The above sounds like weasel words too me--Greasysteve13 07:24, 6 August 2006 (UTC)

"must be taken seriously" has no business in Wikipedia. However, the criticisms belong if they are sourced. Unless the criticisms are clearly at the fringe, the benefits of metadata must also be qualified (e.g. "The benefits of metadata are" -> "Supporters assert that the benefits of metadata are") If the criticisms cannot be sourced, they do not belong at all. Simple! Notinasnaid 08:05, 6 August 2006 (UTC)
Ever thought about gettin' your own hands dirty and change anything yourselves? --Θ~ 21:25, 11 August 2006 (UTC)
I agree, each of these criticisms needa citation.

[edit] Etymology?

In the first sentence in the brackets it is stated that "metadata" comes from greek meta=after .... But meta can also mean "about", and I think "metadata" is much more "about information" then "after information".

[edit] On Etymology and Plural

Meta in Greek means after. Just that. About is not a correct translation. I noted that this was written in the Meta article as well so I corrected it. Another issue we should consider is if metadata is plural or singular. Data is plural for datum (latin). So my opinion is that the word metadata should be plural as well. Information is singular for different reasons. Metadata are different from information. Share your thoughts on this.

Although I agree with your reference to the Latin, I believe that the common use is based on considering data as the aggregate, i.e. a shorthand for set of data. I don't feel that strongly which way the article goes but I would like to see some consistancy. The second sentence states "Metadata are...". The third sentance states "In library science metadata is..."
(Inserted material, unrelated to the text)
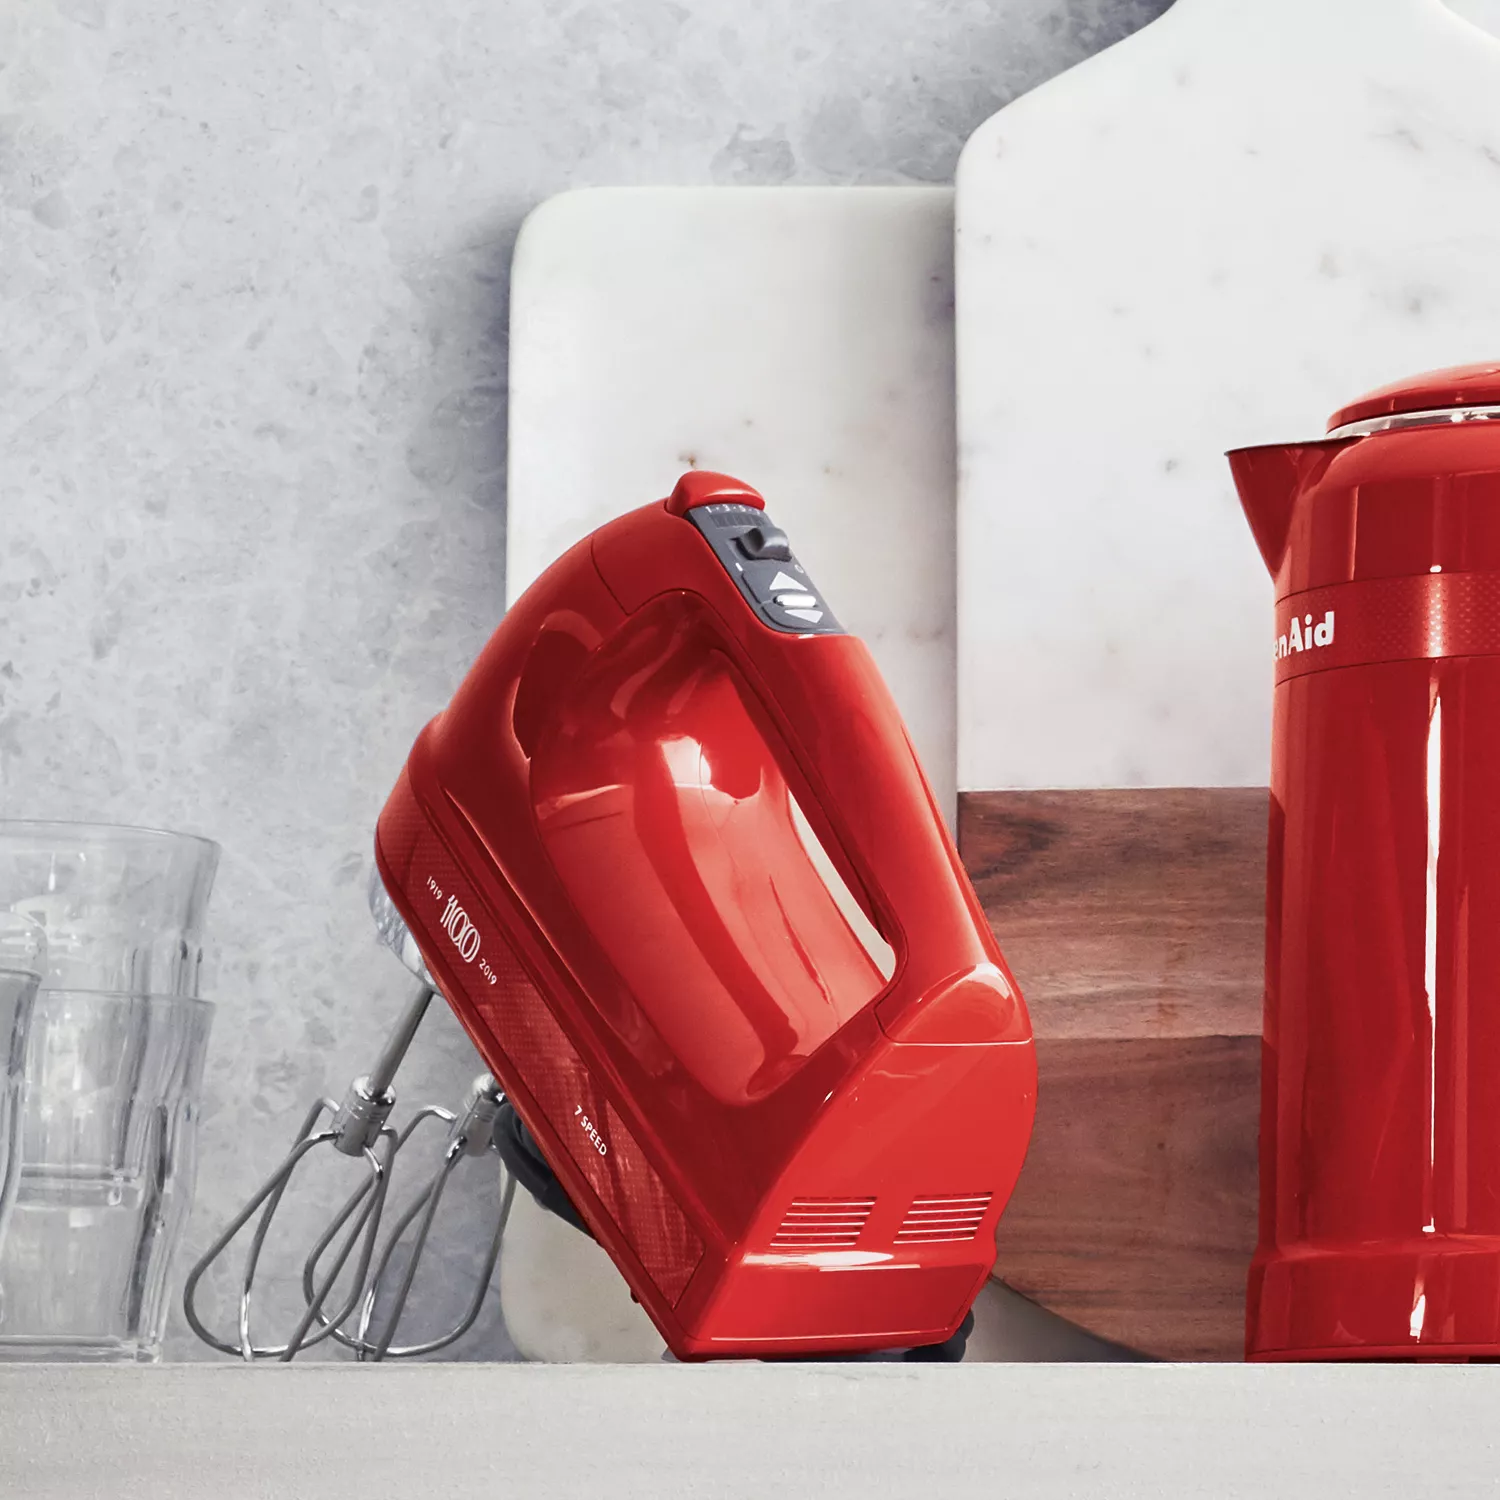 KitchenAid Queen of Hearts 7-Speed Hand Mixer Review

151.118.160.214 20:59, 4 December 2006 (UTC)Hoyt L. Kesterson II

[edit] criticism of the article in the media

The january 12th issue of computable contains a column by Rick van der Lans about the meta-data article, which criticizes this article:

  • the author didn't know the terms 'back room' and 'front room' metadata, and couldn't find any one that did know on a conference devoted to meta data (apparently he didn't Google it), the article lacks an explanation. The only online source I can find to attribute an explanation to is in Dutch, so maybe some one can find an English source and expand on this section?
  • "a reasons give [for the drawback that metadata is 'too complex'] is that users don't create metadata because existing formats, MPEG-7 in particular, are too complex. Pardon me?" I have no idea how to place the author's surprise at this statement. Maybe he has never met anyone who's opined that users don't add meta data (though I'd be hard pressed to find a word document with any of the semantic metadata fields filled). The criticisms listed on the page aren't sourced other than "some critics say" though, that could be fixed.
  • the author calls for 'some one' to 'fix' the article, but apparently hasn't done so himself, nor added a section on this talk page (the article's metadata), which I personally find somewhat ironic.
  • the author's byline describes him as"specialized in software development, datawarehousing and internet"
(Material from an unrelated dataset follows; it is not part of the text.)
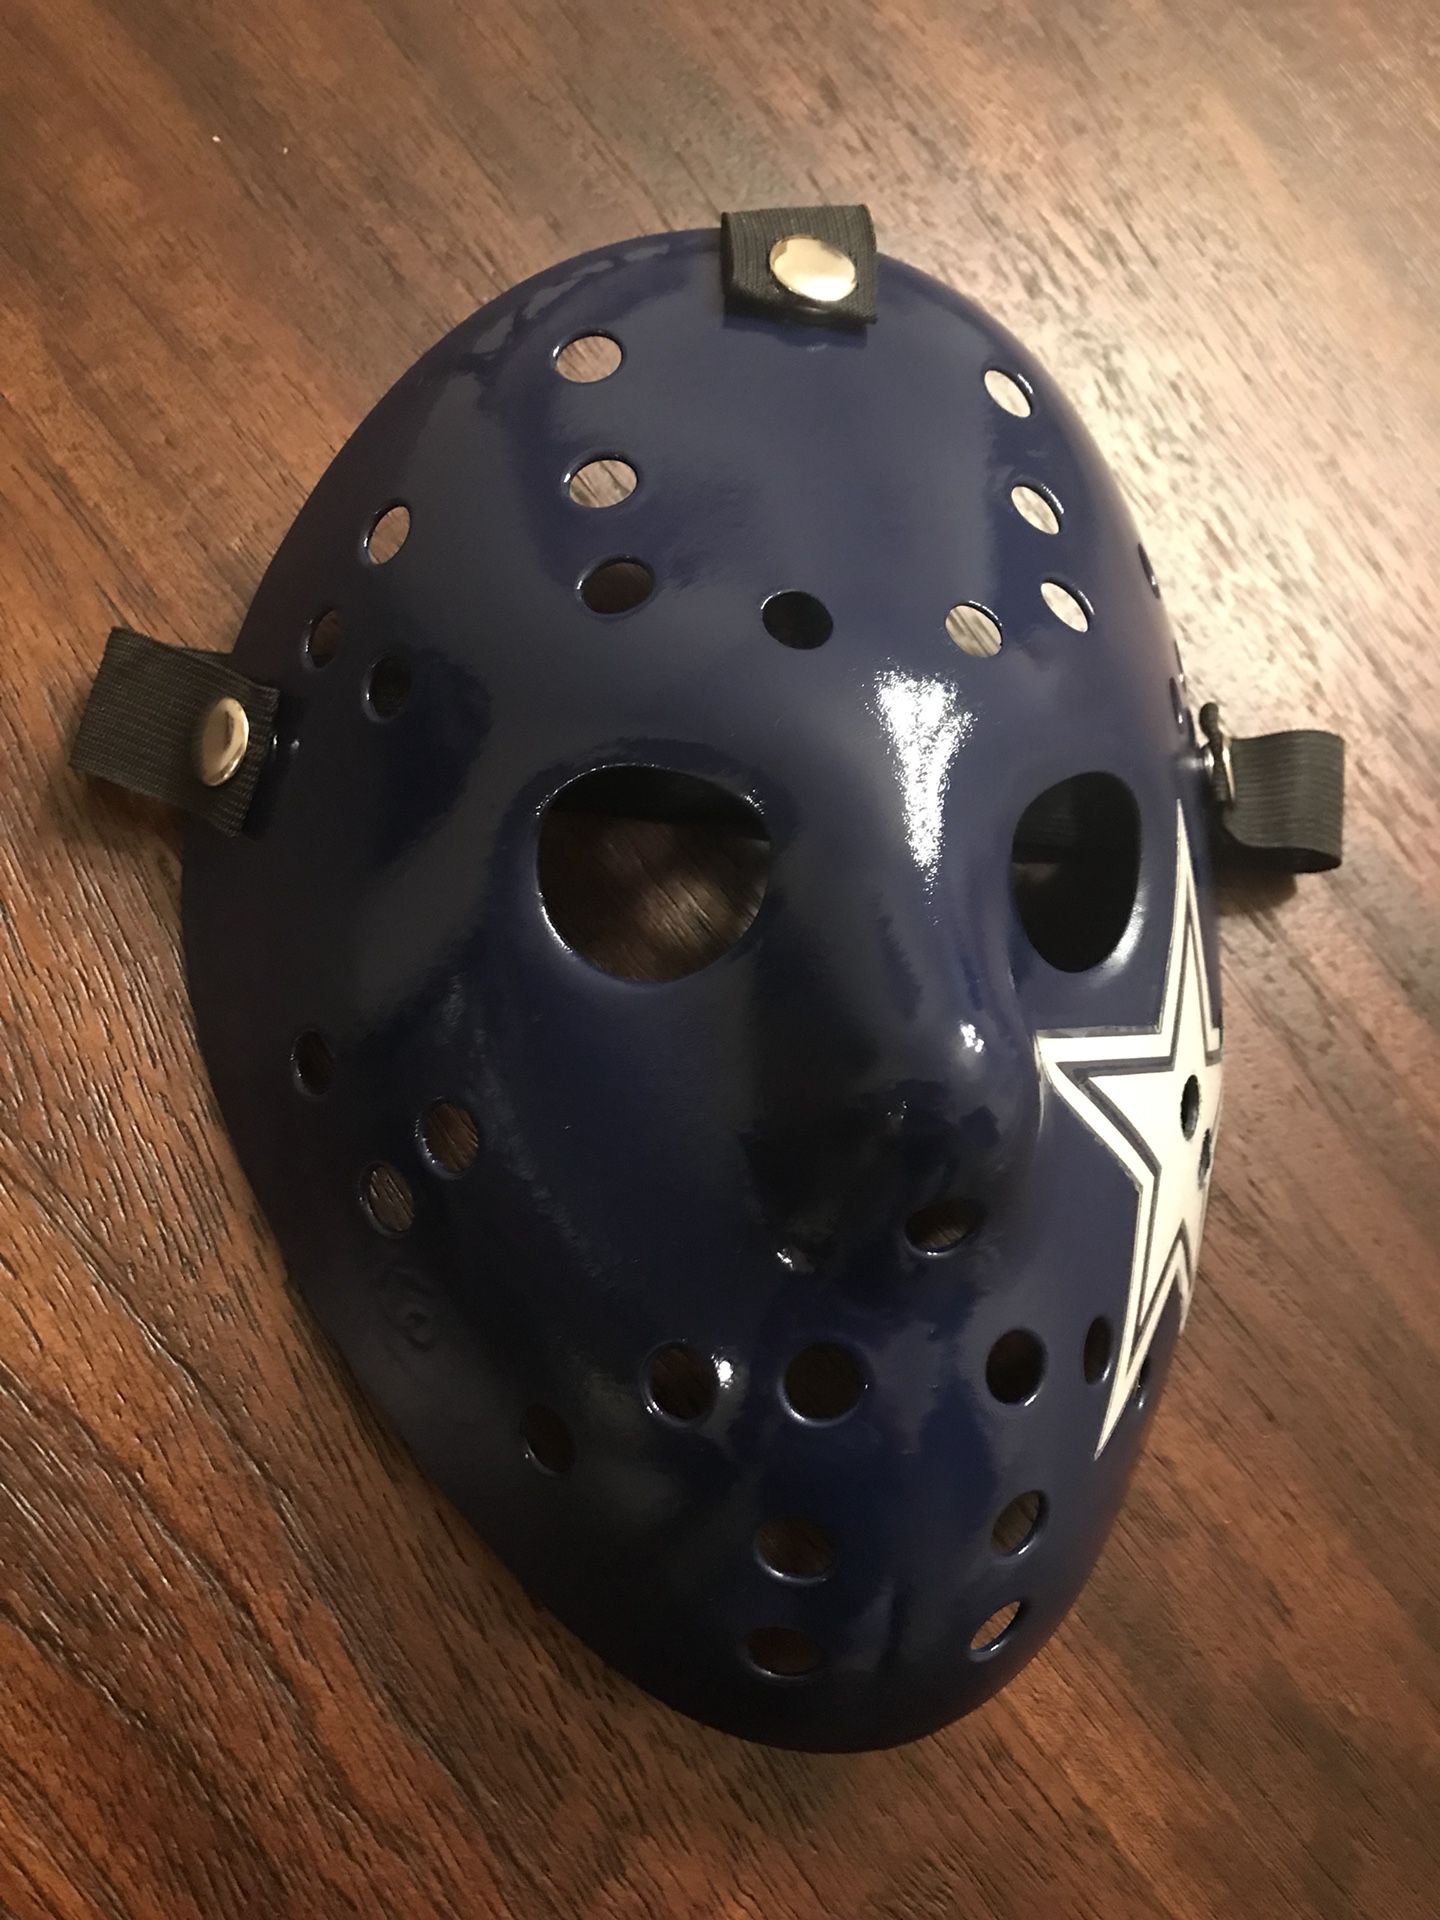 Hand Made Gucci Hockey Mask for Sale in Lawrenceville, GA - OfferUp

(The quotes attributed to Rick van der Lans are my crappy translations)

85.144.113.76 10:53, 13 January 2007 (UTC)

[edit] Where this page is now...

This page seems to me to be suffering, relatively speaking, but I'd like other inputs before trying to improve the whole (especially because I'm a wikipedia newbie). I see a lot of detail that takes away from the whole (partly just because it's detailed, and partly because it's not consistently written and presented). For example:

  • Definitions are sprinkled throughout the document in support of descriptions of particular domains of metadata. Some of these definitions contradict, duplicate, or support definitions in he Definitions section. Proposal: All definitions in the Definition section.
  • There's a section for "Types of metadata" and a section for "Types". Both of them list types of metadata, though the first is more categorization and the second is more application domains.
    • Re the first: There are a lot of ways people subcategorize metadata [example])-- I'm willing to go there, but should we be trying to be comprehensive? Proposal: Only list those that are referenced to a paper.
    • Re the second: We could go on listing metadata applications until the cows come home, but will that help people understand what metadata is? Is there a criteria that can be applied to help figure out if a particular application adds value to the article? A lot of this information is good, but some of it is noticeably weaker or secondary.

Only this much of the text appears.